Microfabrication and microfluidics for 3D brain-on-chip

Abstract

A revolution in cell culturing has been seen in the last two decades in which 3D culturing became the state-of the-art, with the goal to mimic the in-vivo situation more closely and allow for a physiologically more relevant study compared to the environment in a petri dish. This revolution, however, has not been fully incorporated in the field of in-vitro neuroscience and neither in commercial activities, yet. In this work an attempt has been made to make such a 3D environment available for a conventional planar microelectrode array (MEA) for in-vitro electrophysiology. A reliable platform is realized by combining microfabrication and microfluidics towards a 3D brain-on-chip allowing for drug discovery and the study on diseases.
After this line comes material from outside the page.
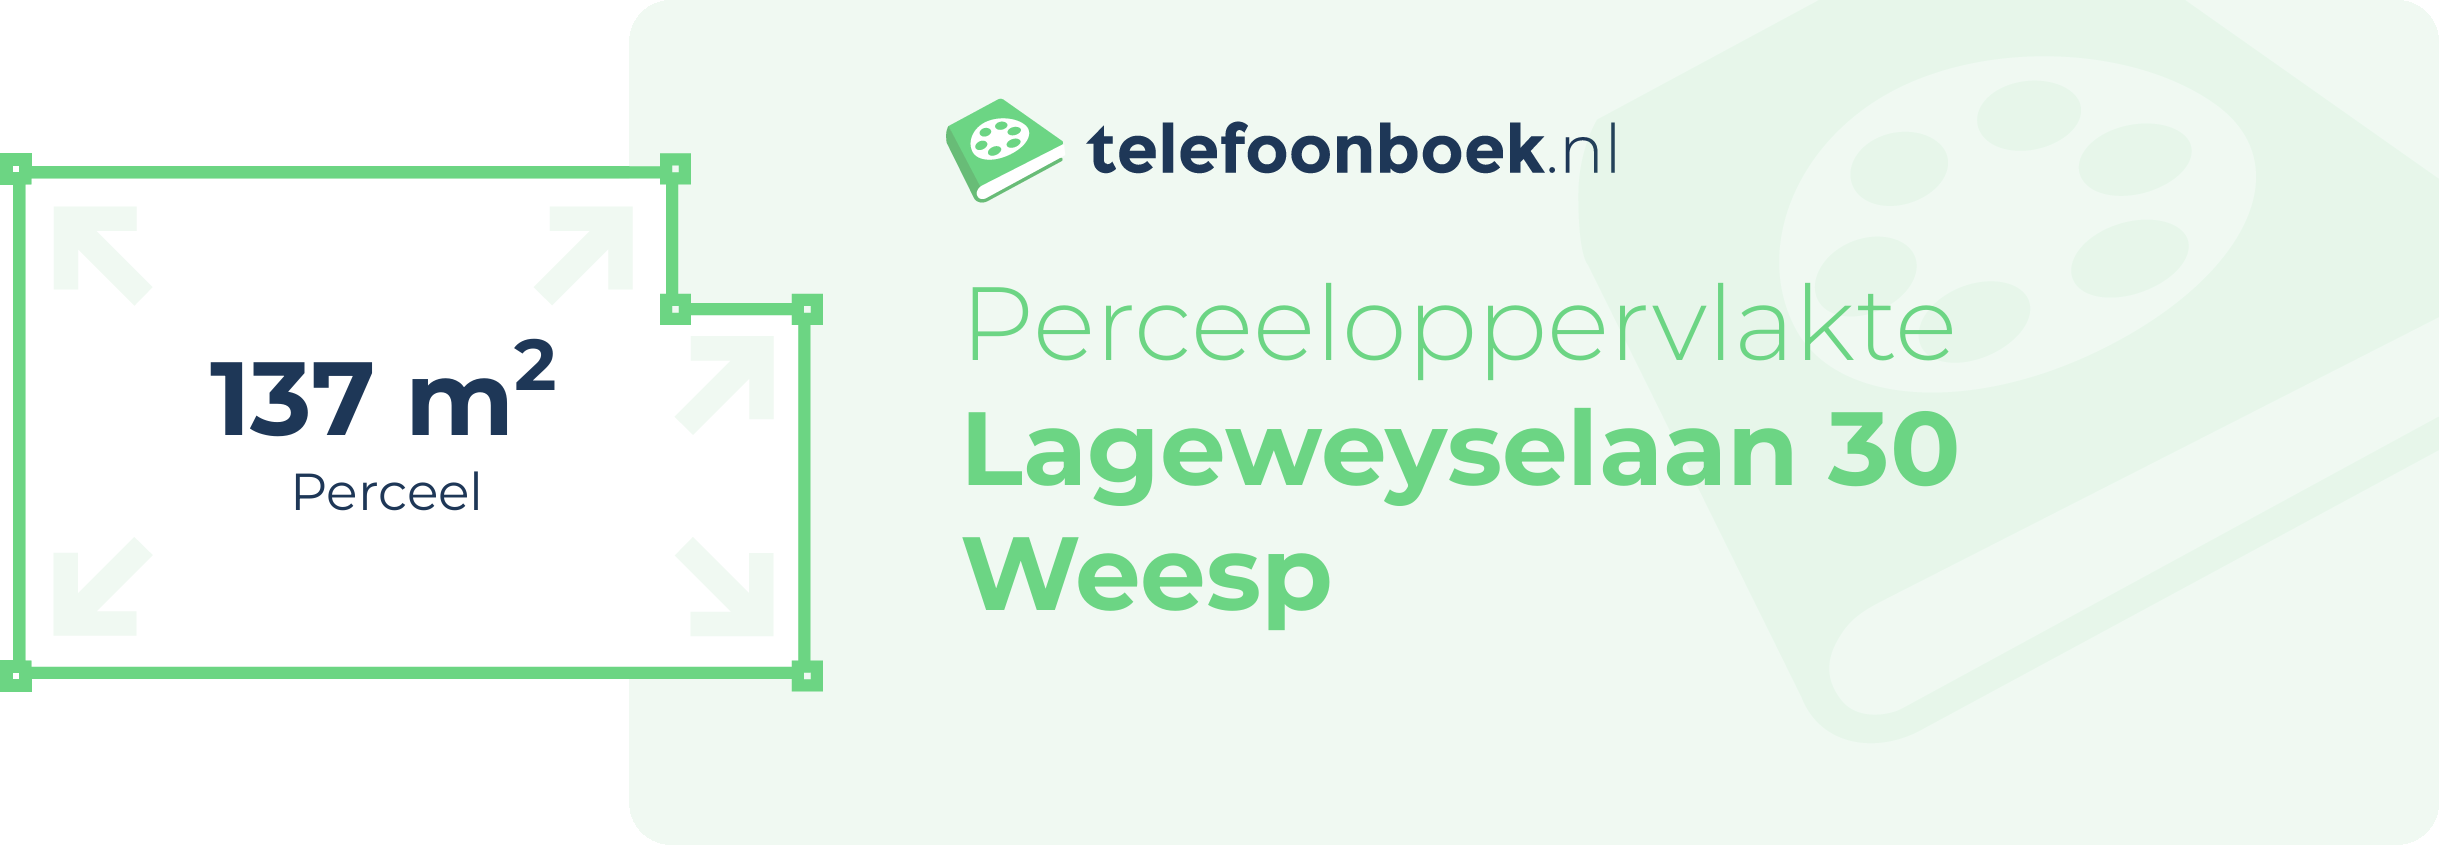 Perceeloppervlakte Lageweyselaan 30 Weesp

A novel hybrid microbioreactor has been developed as a tool for hydrogel 3D cell culturing on a conventional MEA towards a more physiologically relevant model for the study on brain tissue. The Hydrogel/ poly-dimethylsiloxane (PDMS) bioreactor enables a low shear stress 3D micro-sized culture environment on top of a MEA surface. Furthermore the hybrid bioreactor is explored to realize an on-chip biochemical readout from a 3D culture by a commercial microchip capillary electrophoresis (CE) system with contactless conductivity detection (C4D). An advanced MEA device, termed a microsieve electrode array (μSEA), has been developed by integration of electrode material to a realized highly uniform silicon microfabricated sieving structure. This μSEA allows for the positioning of neurons in 3D pores containing sensing electrodes for extracellular recordings of 3D cultured neurons. Performed characterization of the μSEA includes the tuning of the shape and size of the sensing electrodes, electrical properties and initial studies on neuronal cells. In conclusion, by combining microfabrication and microfluidics a platform has been realized towards a 3D brain-on-chip. The conventional microelectrode array principle is engaged to realize a 3D cell environment for the cells positioned at the sensing electrodes (establishing the neuroelectronic interface) and a microbioreactor add-on is realized allows for 3D culturing of the cells in between the electrodes (neuronal network). Hereby a allowing for more physiological relevant studies with an electrophysiological readout.